It’s not every day that you encounter and analogy that links self-driving vehicle technology and golf clubs. Not by a long shot.
[OK; you knew that was coming – admit it.]
“Golf is one of my favorite pastimes and … it takes a certain amount of strategy and creativity to decide which clubs to use along the way,” she explained in a recent blog post – part of a series of posts addressing the technical issues surrounding autonomous vehicles (AVs).
In terms of golf club selection, Winter noted that some are “fairly obvious,” such as using a driver off the tee, a wedge for the sand trap or a putter for the green.
Other shots, however, require a bit more ingenuity when it comes to club selection – such as using a 3-iron to “punch out” from under a tree.
“I like to think of my bag of clubs as my golfing toolkit – each club chosen to provide optimal performance and power for the circumstances,” Winter noted.
And just as one needs different clubs to successfully play 18 holes of golf, she emphasized, different kinds of processors tare needed to successfully “drive” an autonomous vehicle.
Take sensors as an example. Each type of sensor generates a very different kind of data: cameras generate pixels; LIDAR, short for “light detection and ranging,” uses light in the form of a pulsed laser to measure “ranges” variable distances; and radar generates analog waveforms.
“All of these data types need to be processed differently,” Winter pointed out. “And if you were developing an autonomous car brain, you would choose very specialized tools perfectly suited to each data type rather than a single gaming processor for all of it.”
The same “golf club” philosophy, if you will, holds true for the “artificial intelligence” or AI inside a self-driving vehicle as well, she stressed.

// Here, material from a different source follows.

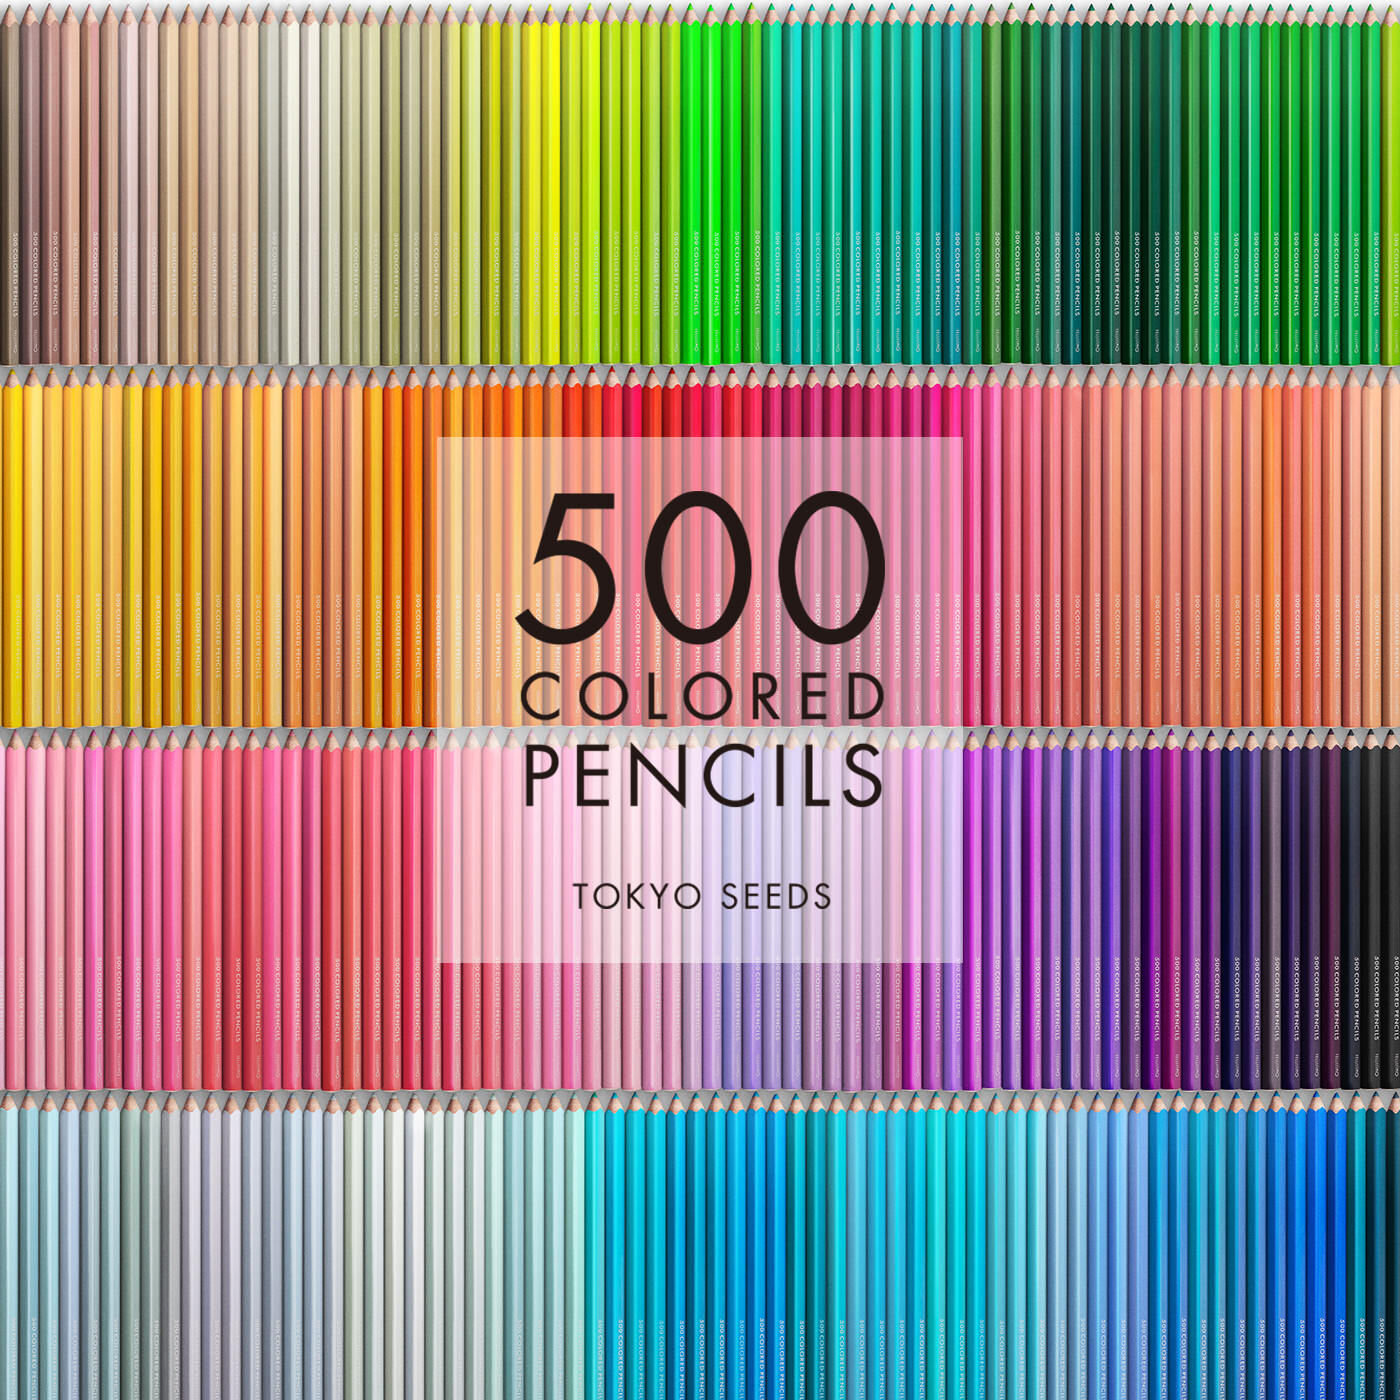 Real Stock|【45/500 SUNSHINE SWIMS】500色の色えんぴつ TOKYO SEEDS|1992年、世界初の「500色」という膨大な色数の色えんぴつが誕生して以来、その販売数は発売当初から合わせると、世界55ヵ国10万セット以上。今回、メイド・イン・ジャパンにこだわり、すべてが新しく生まれ変わって登場しました。
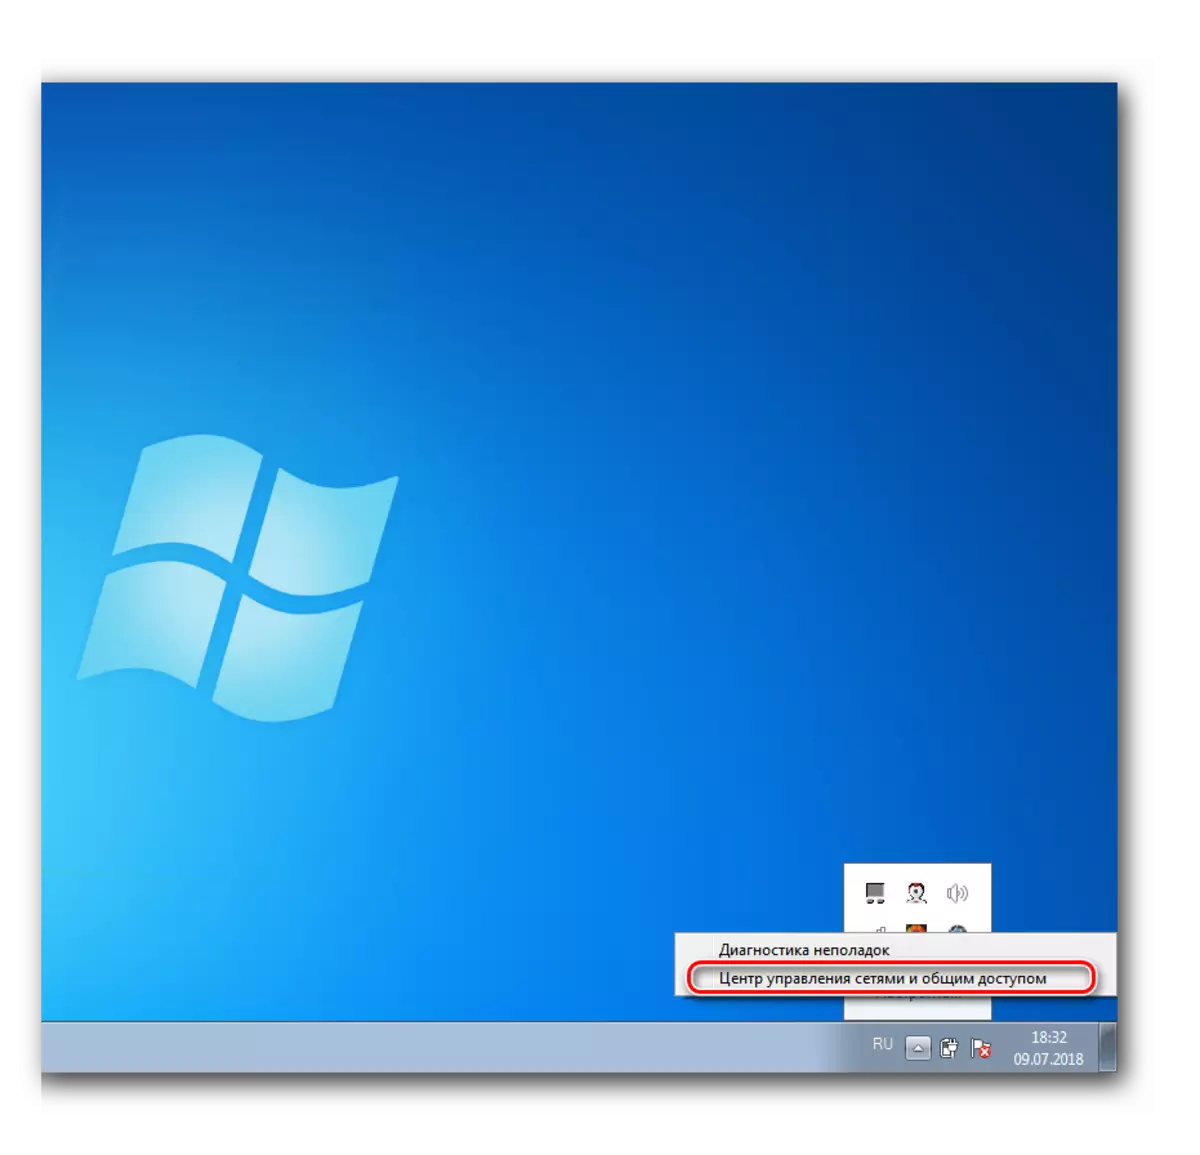 Fetolela setsing sa tsamaiso ea marang-rang ho Windows 7

“We often hear that the role of AI in autonomous cars is for ‘computer vision,’ and that a specific kind of computing element can be used for all AI in autonomous driving,” Winter said. “But that’s an incomplete picture of the challenge.”
She explained that AI is much more than computer vision; in fact, it’s used throughout a driverless vehicle to do everything from natural language processing and “personalization” to decision-making.
“Those are all very different kinds of AI, each with very different and unique computing needs,” Winter emphasized. “So instead of choosing one processor for all of the artificial intelligence tasks in the car, you need a processing toolkit with computing elements designed for each of those very different tasks.”
Thus, in similar fashion as to how golfers need a full bag of clubs to successfully play golf, AV designers need a suite of computing technologies to successfully engineer an AV’s “brain” and all the different functions it needs to control and perform.
“Although golf gives us an interesting way to describe the complexity of autonomous car design, I have to end my analogy there,” Winter stressed.
“Golf is a fun game … but a game nonetheless. Autonomous driving is not; we also know exactly how challenging it is,” she pointed out. “If you ask the leaders in autonomous driving what kind of computer they would design for deployment in [self-driving] cars five years from now, none of them can tell you. The rate of change and innovation in this industry is staggering.”
Something to keep in mind as efforts to deploy autonomous cars and trucks on our roads continue to gain speed.